Good for your that you bought stock eons ago, though you could sell it now and invest in something that pays better and collect your capital gains. As you know capital gains are taxed lower than ordinary income for most people. Exxon has resisted change and may be looked at as a buggy whip company some day, so I am not sure the long term future for Exxon is good. As for tax breaks for green energy, the gov't has long invested in new technology and that pays off the for economy as a whole. Like any organization investing in new technology, some of those investments will fail (look at Bain Capital's record as an investment house), but overall, the country benefits. For an example, the internet was created by the gov't.

I agree a single gas blend would save some money on the gas itself, but the environmental costs in certain markets would be high. I don't think there is an easy way to accomplish a single blend. The oil companies change blends according to season and always have.

Ethanol isn't going away. It's not good for older engines, but it does reduce balance of payments issues, so it another case of costs being shifted from one place to another. Someone is always on the short end, sorry it is you (it could be called the "sin of Onan").

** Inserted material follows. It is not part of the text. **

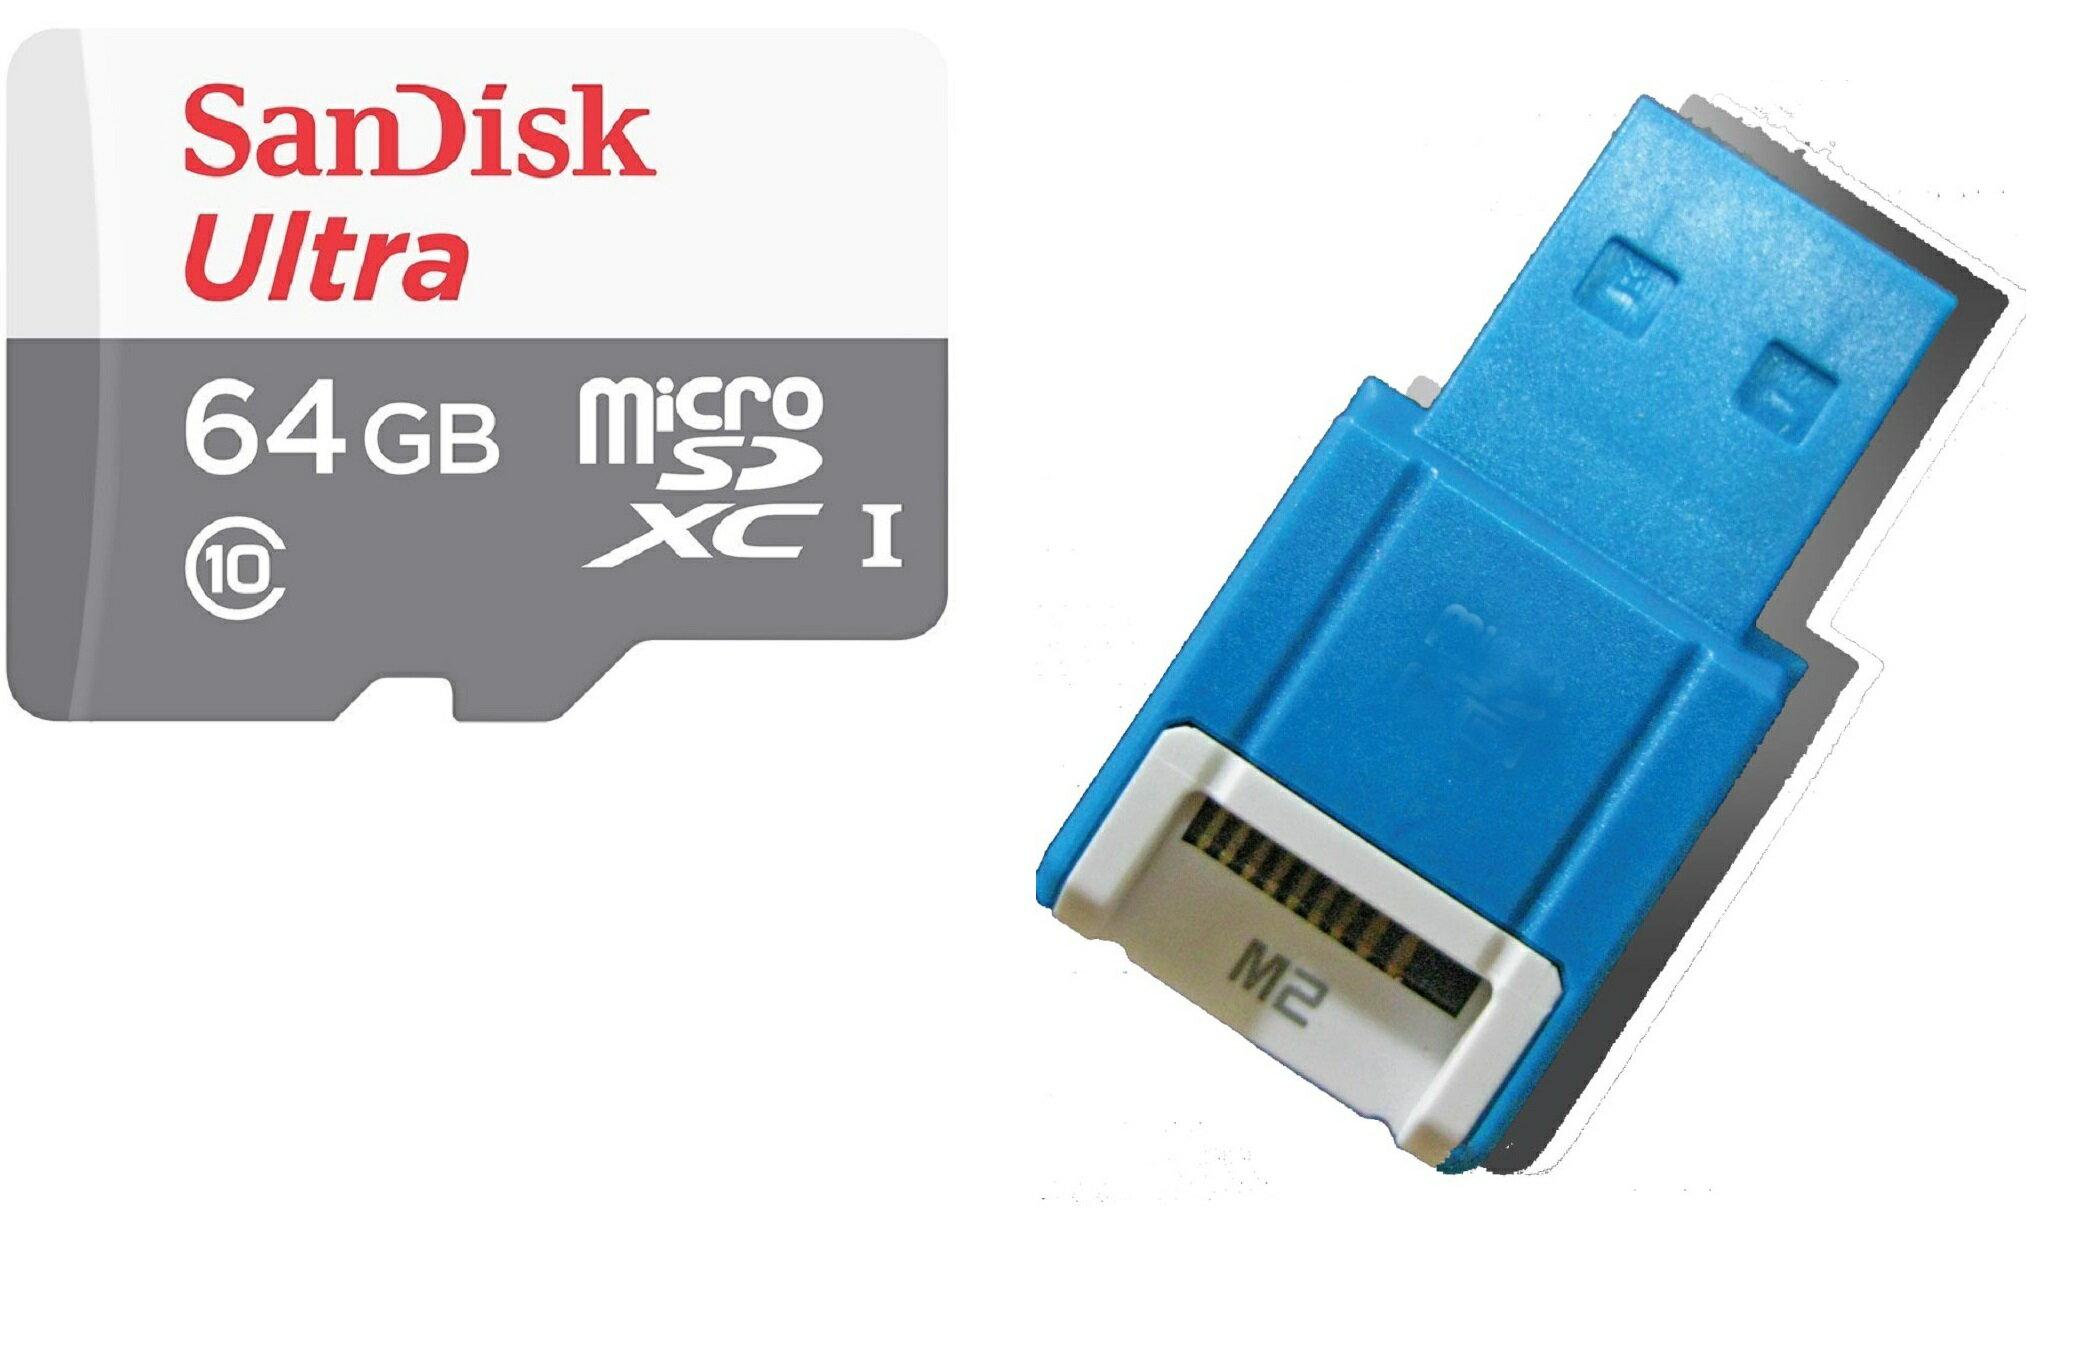 SanDisk Ultra 64GB 80MB/s microSDXC 64G microSD micro SD SDXC UHS-I C10 Class 10 Flash Memory Card SDSQUNS-064G + OEM USB 2.0 Card Reader 0

Gas tax revenue is down because of energy efficient autos, less travel because of the Great Recession and as a percentage of price. If inflation was figured in, federal gas tax is much smaller than it was 20 or more years ago. I believe the last time it was adjusted was either under Bush 1 or early in Clinton's presidency. I am waiting for that battery break through everyone else is waiting for.

And refineries—there is little incentive to build a refinery because the market for refined petroleum products is shrinking for the same reasons discussed above. We import lots of gas from other countries to make up the deficit (but not diesel, so now diesel costs more). And we have many new refineries, but they are for ethanol. Since the product all goes in the same tank, these count as refineries too.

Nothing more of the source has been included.